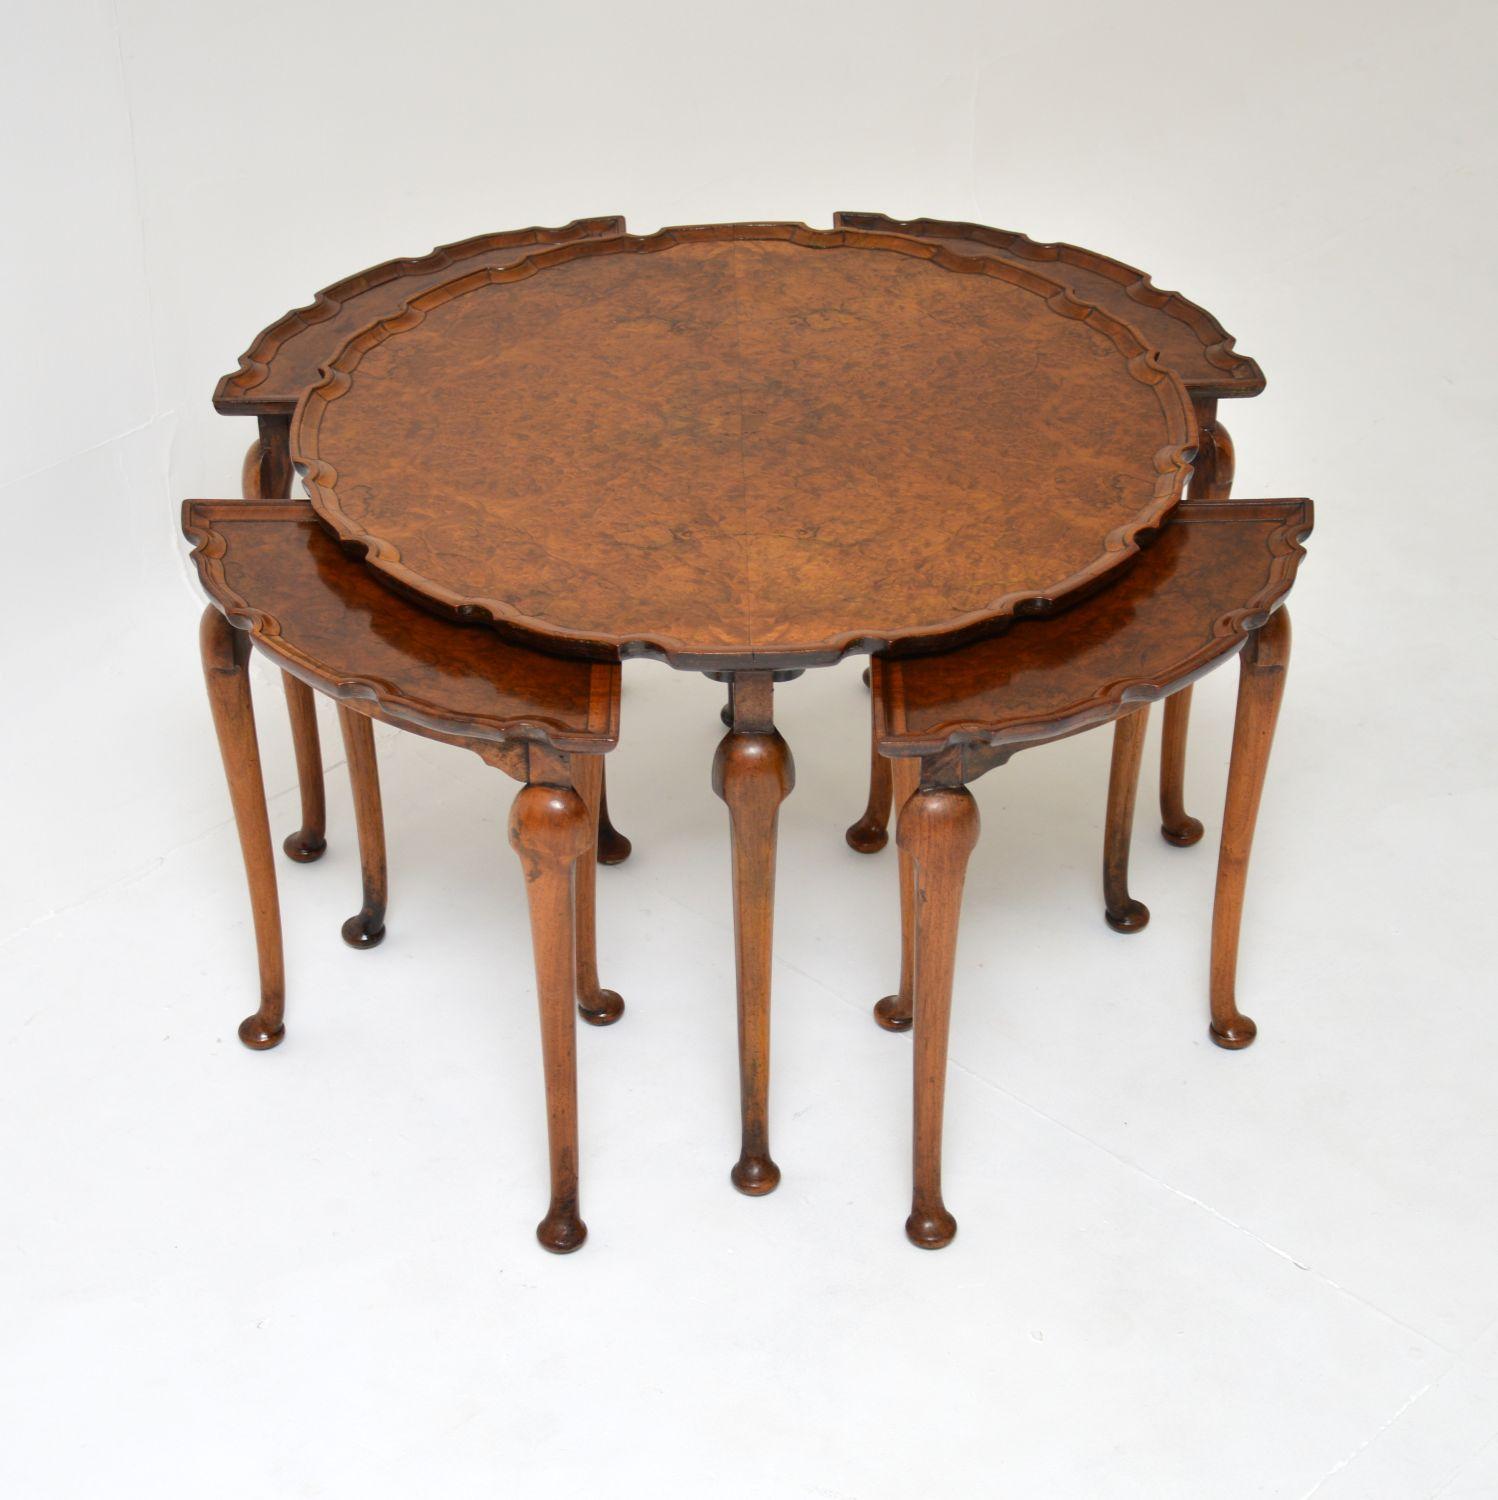 Une belle et très utile table basse gigogne ancienne en ronce de noyer. Fabriqué en Angleterre, il date d'environ 1900-1920.

Il est d'une superbe qualité, avec un design fin, élégant et robuste à la fois. La grande table basse circulaire et les
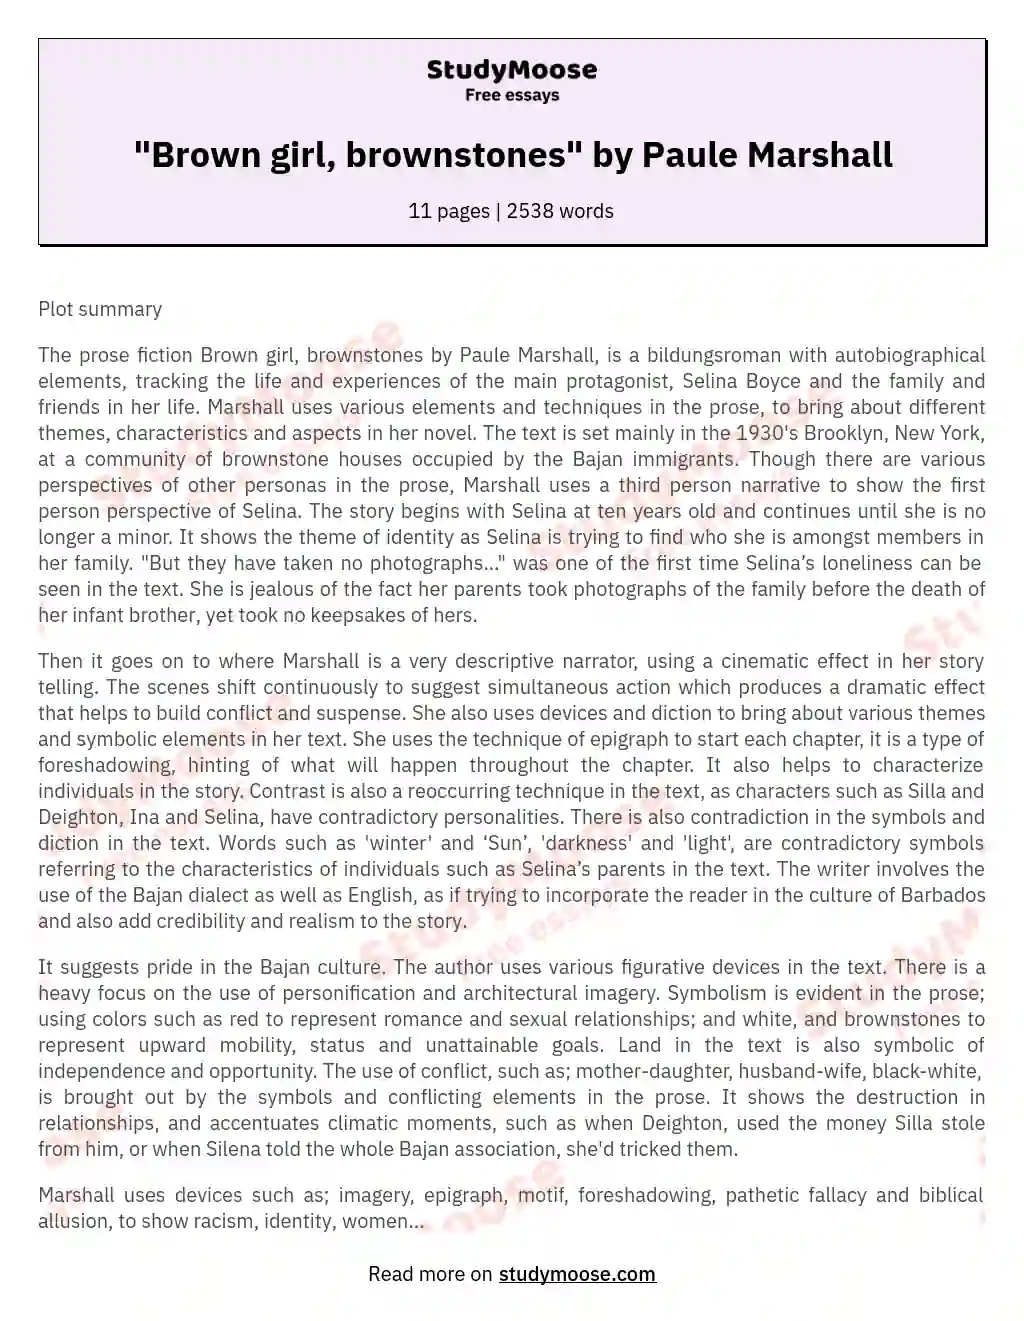 "Brown girl, brownstones" by Paule Marshall essay

..............................

§ **TASK TO COMPLETE**
All text in the material above must be written out exactly; the images are to be skipped.

§ **PROBLEM SOLUTION**
 Une belle et très utile table basse gigogne ancienne en ronce de noyer. Fabriqué en Angleterre, il date d'environ 1900-1920.

Il est d'une superbe qualité, avec un design fin, élégant et robuste à la fois. La grande table basse circulaire et les
 "Brown girl, brownstones" by Paule Marshall essay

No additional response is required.